Dataset entries
=====
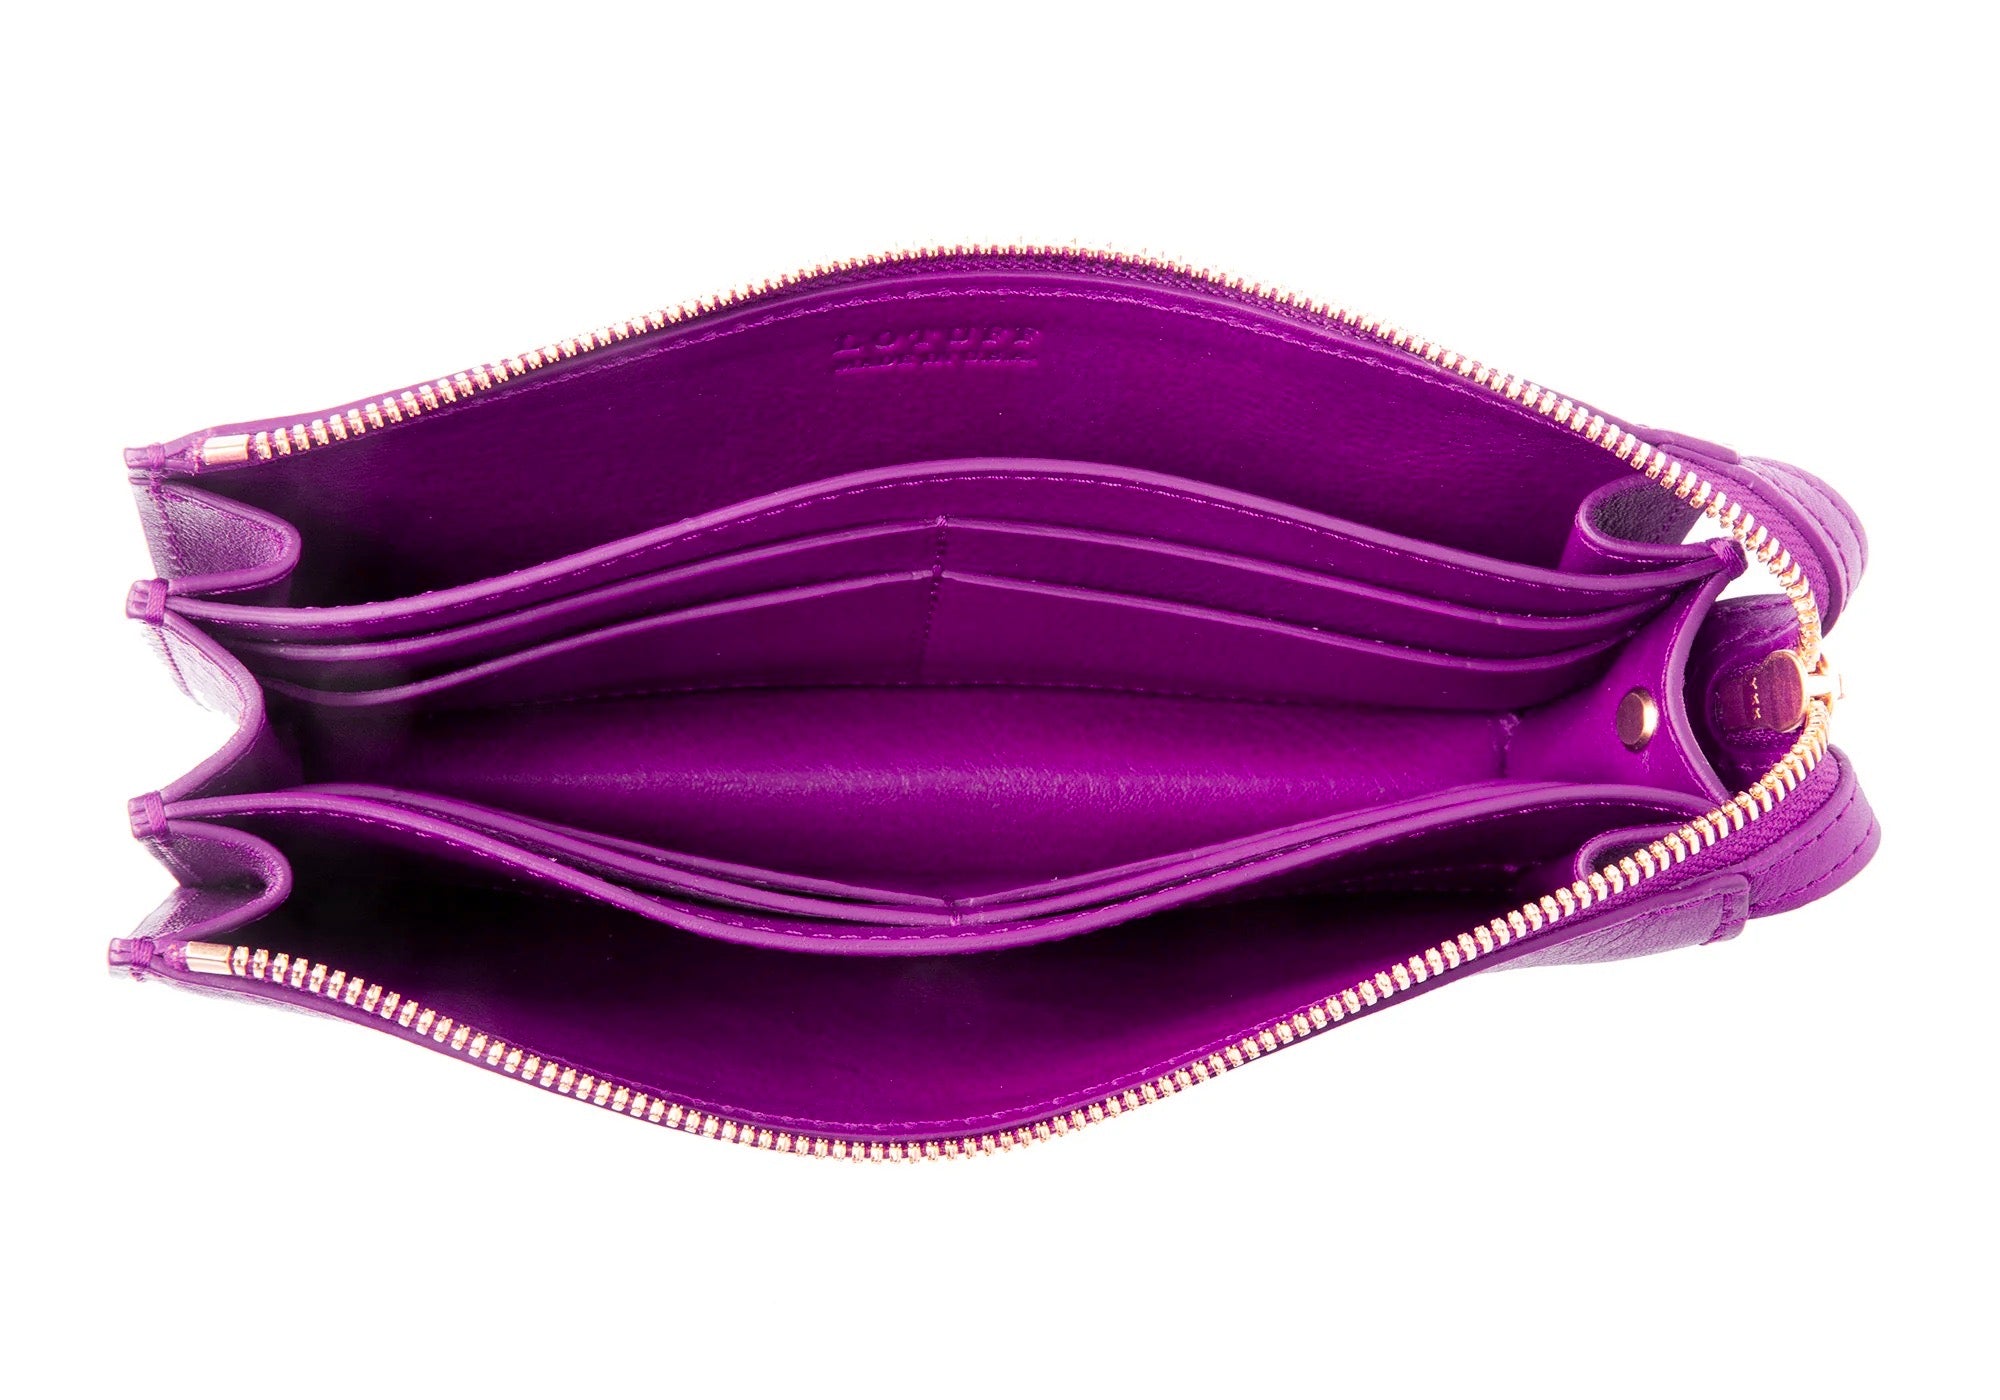 Interior View of Tripp Wallet Orchid
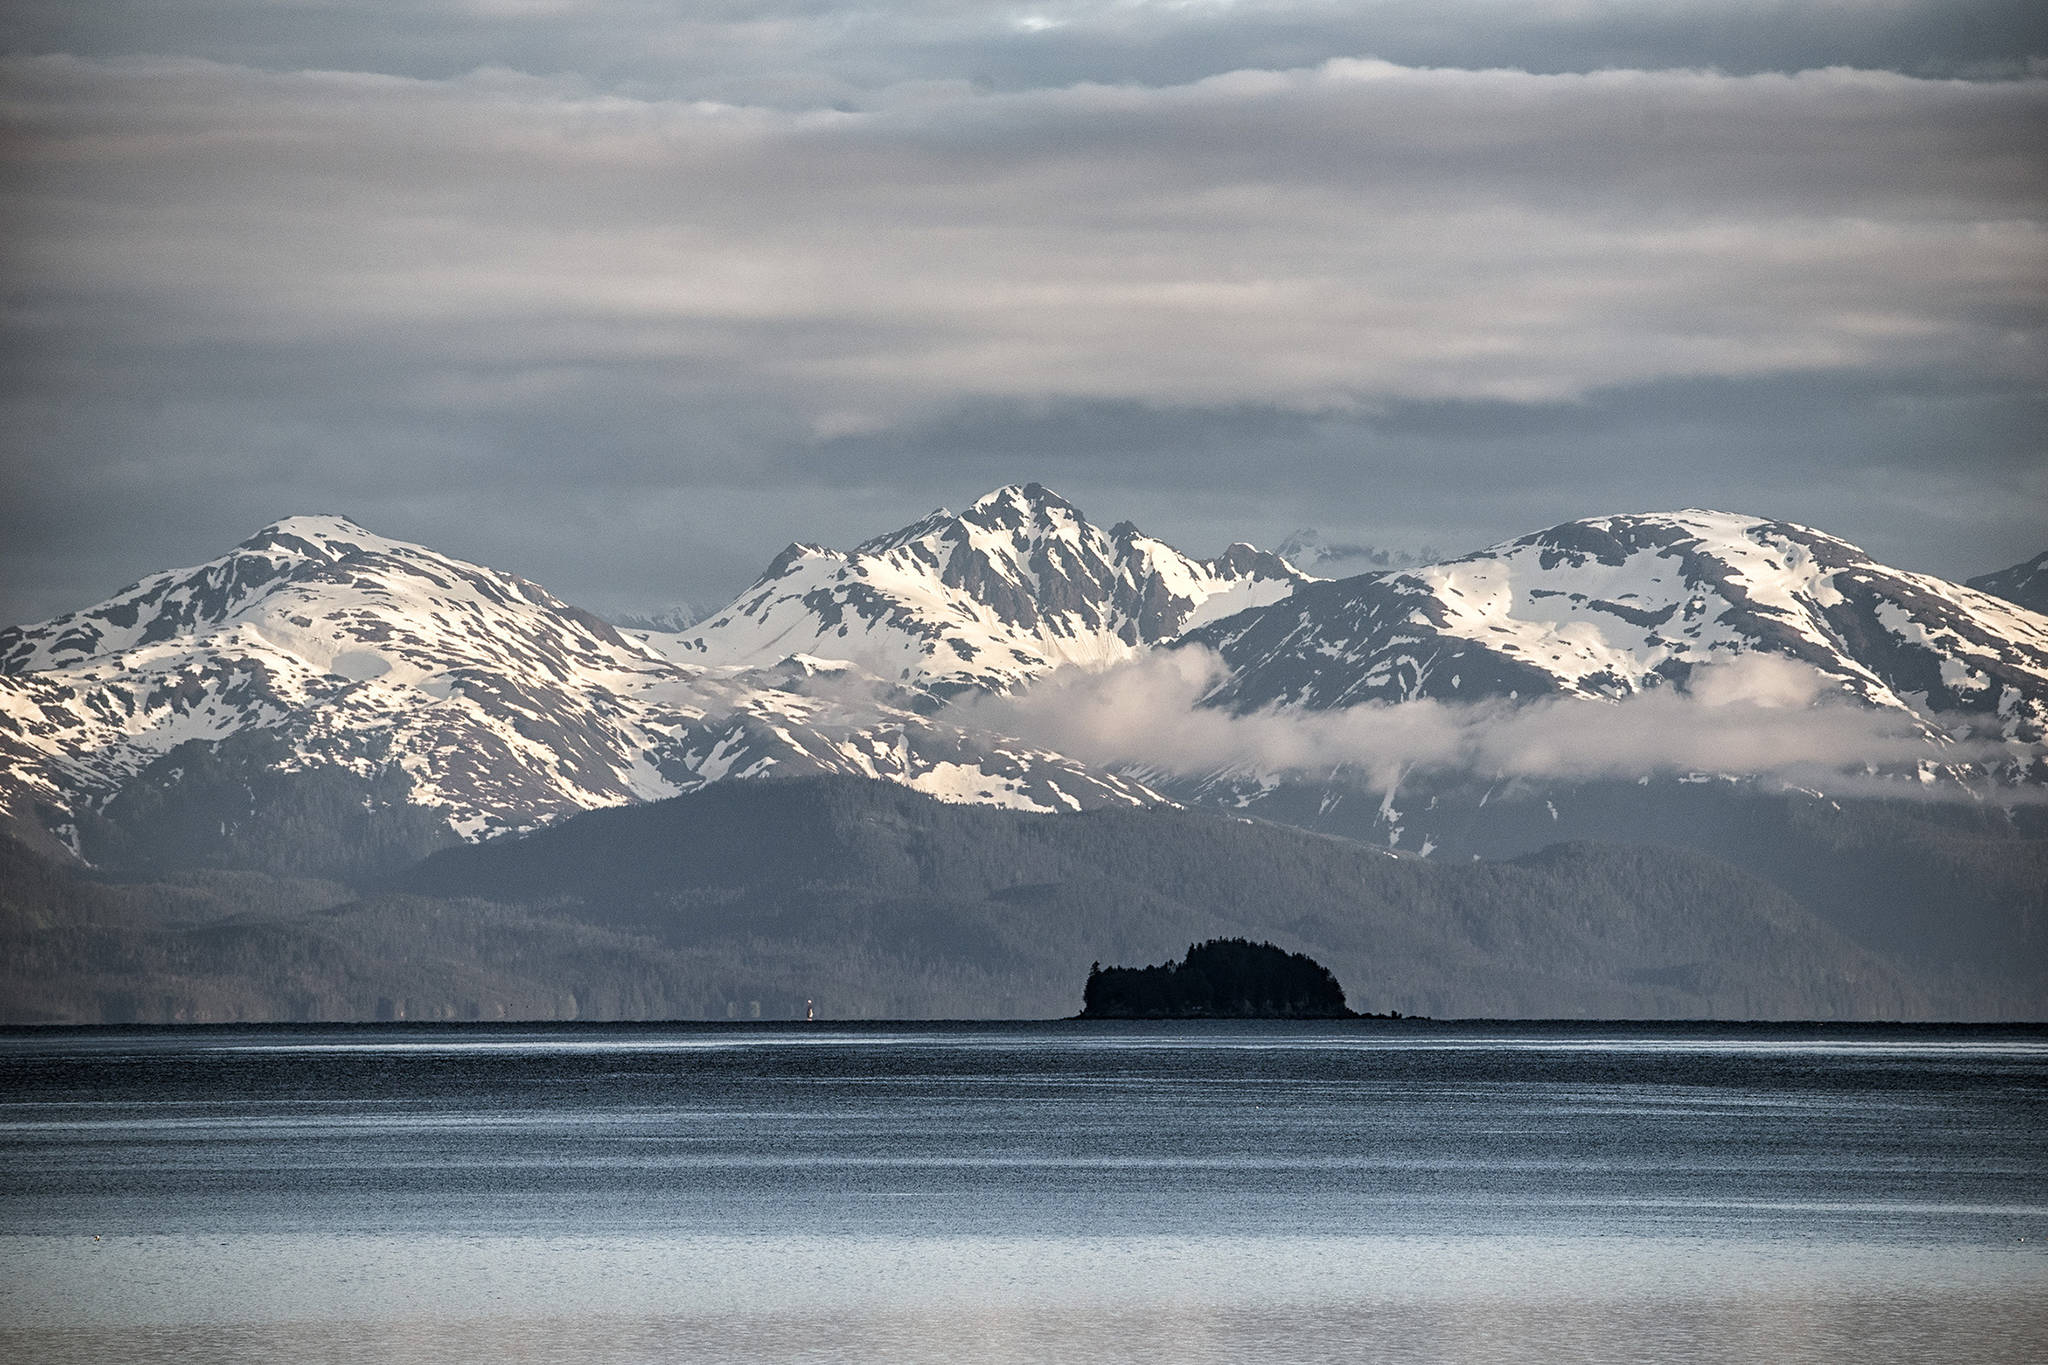 The Chilkat Range can be seen with Sentinel Island and Vanderbilt Reef. (Courtesy Photo | Kenneth Gill, gillfoto)
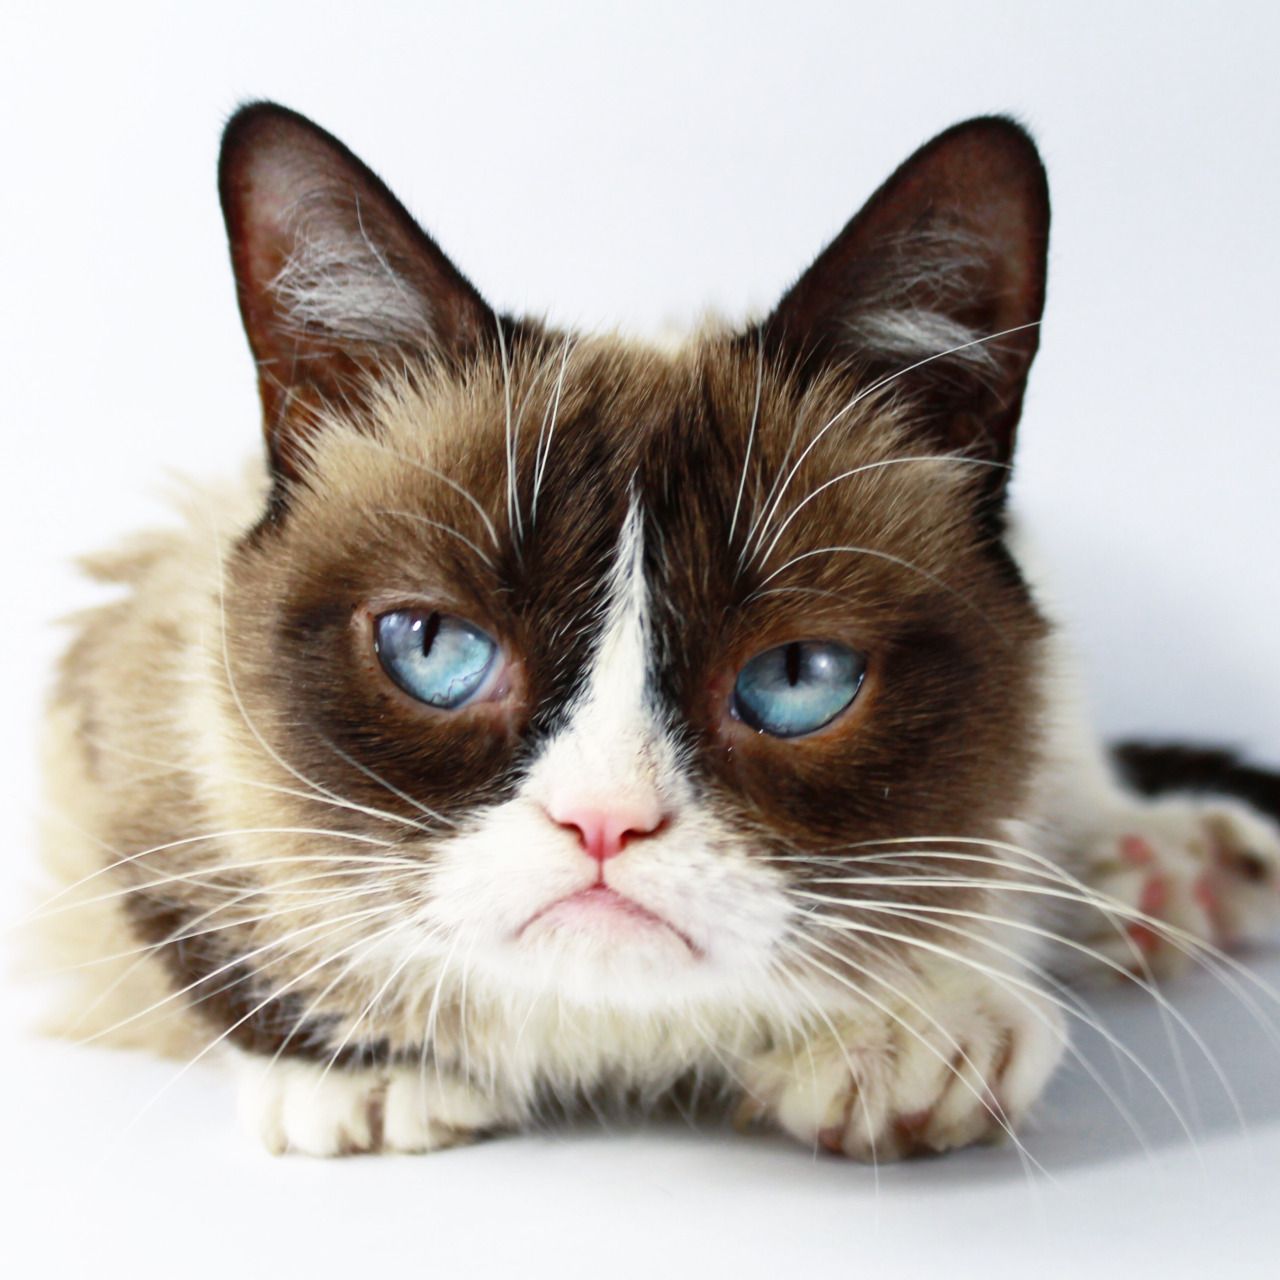 In order to remember the viral legend of Grumpy Cat, we’ve put together a list of the best memes to celebrate her life.
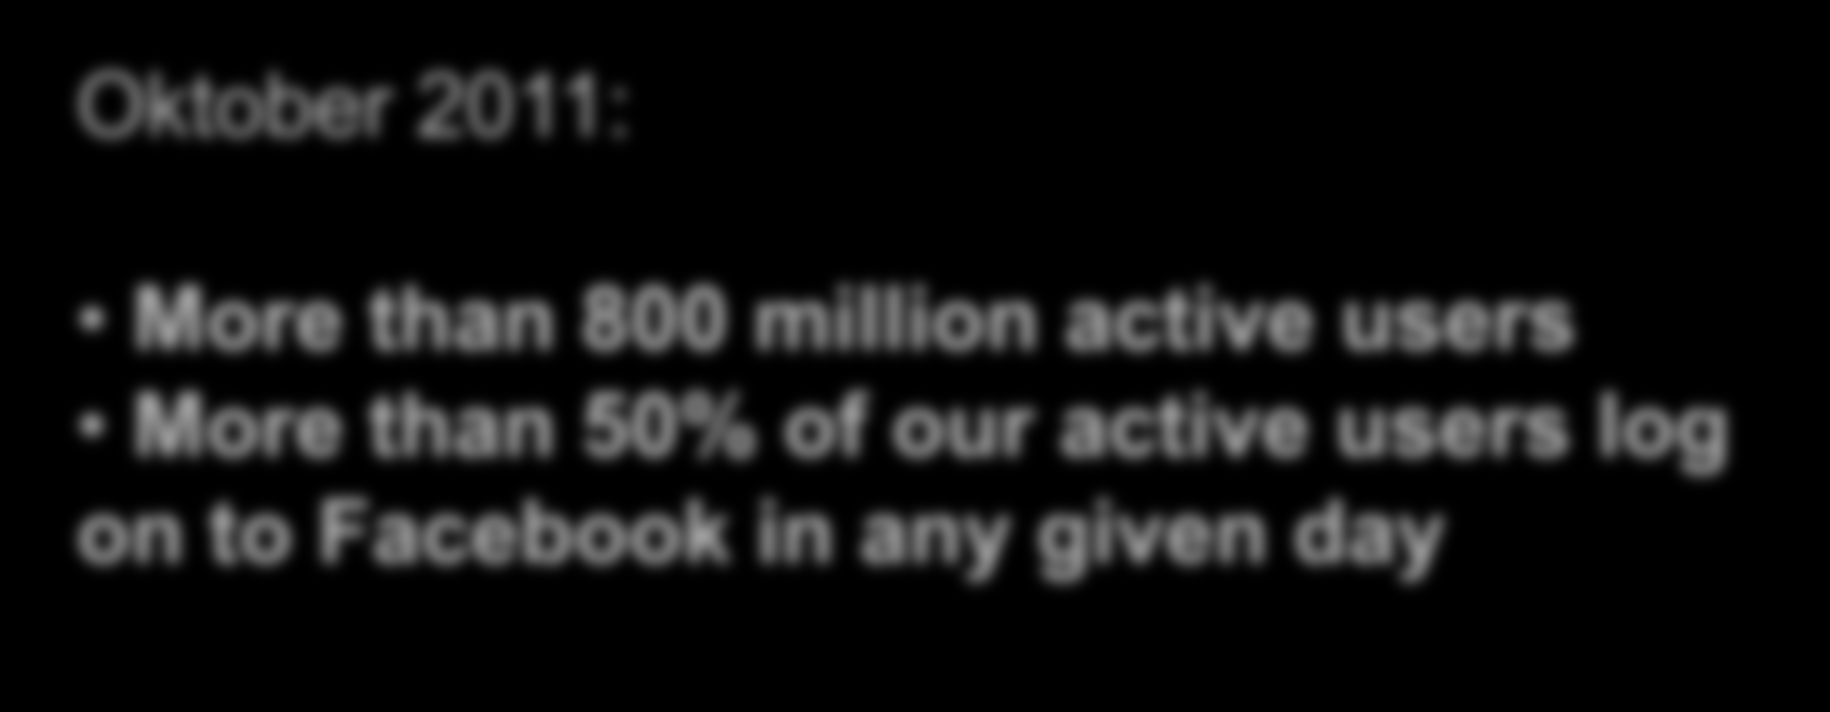 Oktober 2011: More than 800 million active users More than 50% of our
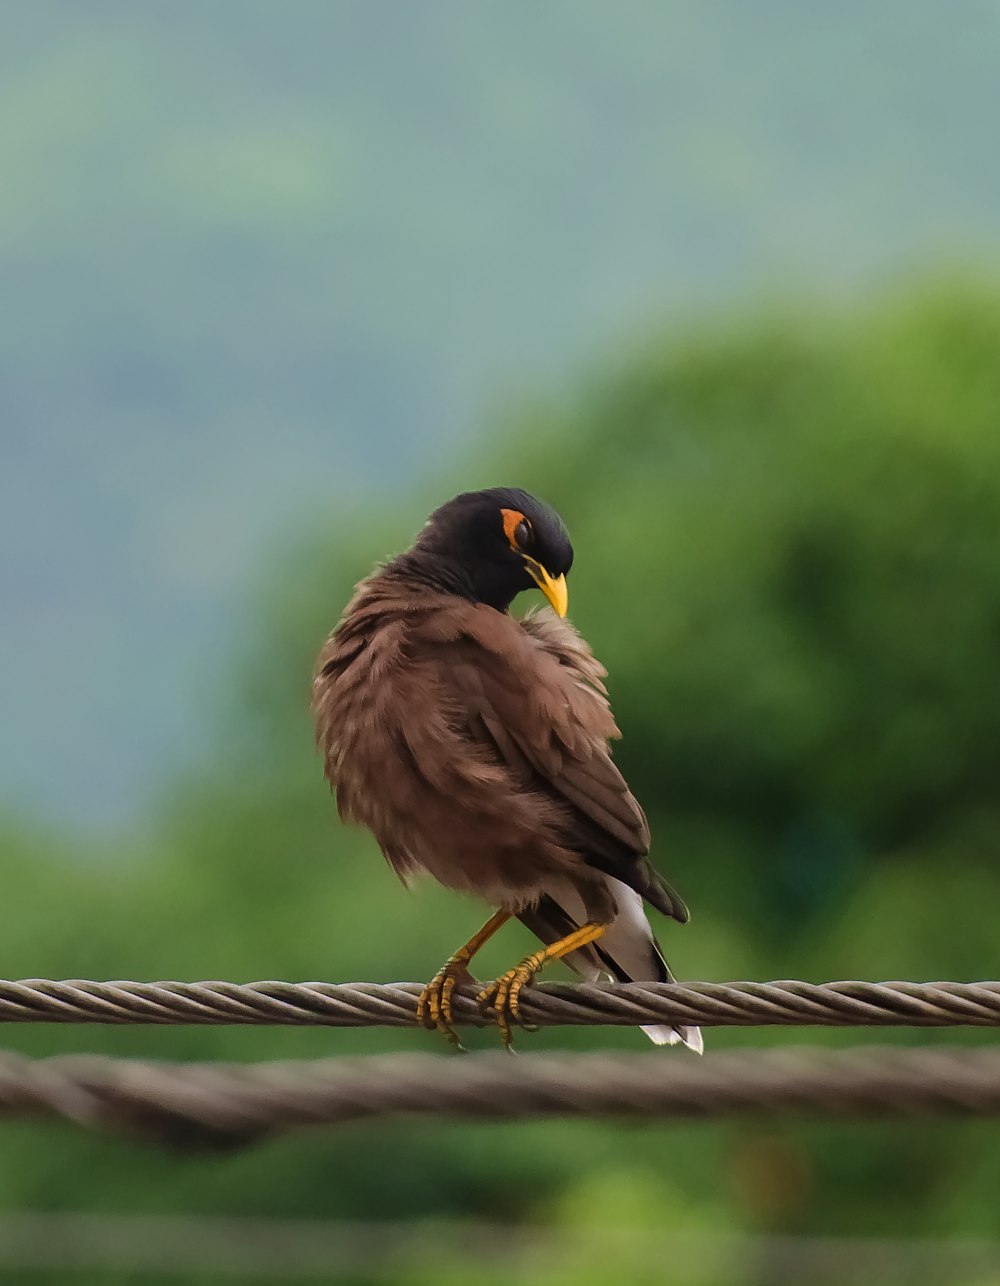 brown and black bird on brown rope
=====
> Work request
All that is wanted is an exact copy of the lines from the line bearing "Oktober 2011: More" through the final line of the entries, including both ends but no pictures.

> Your response
 Oktober 2011: More than 800 million active users More than 50% of our
 brown and black bird on brown rope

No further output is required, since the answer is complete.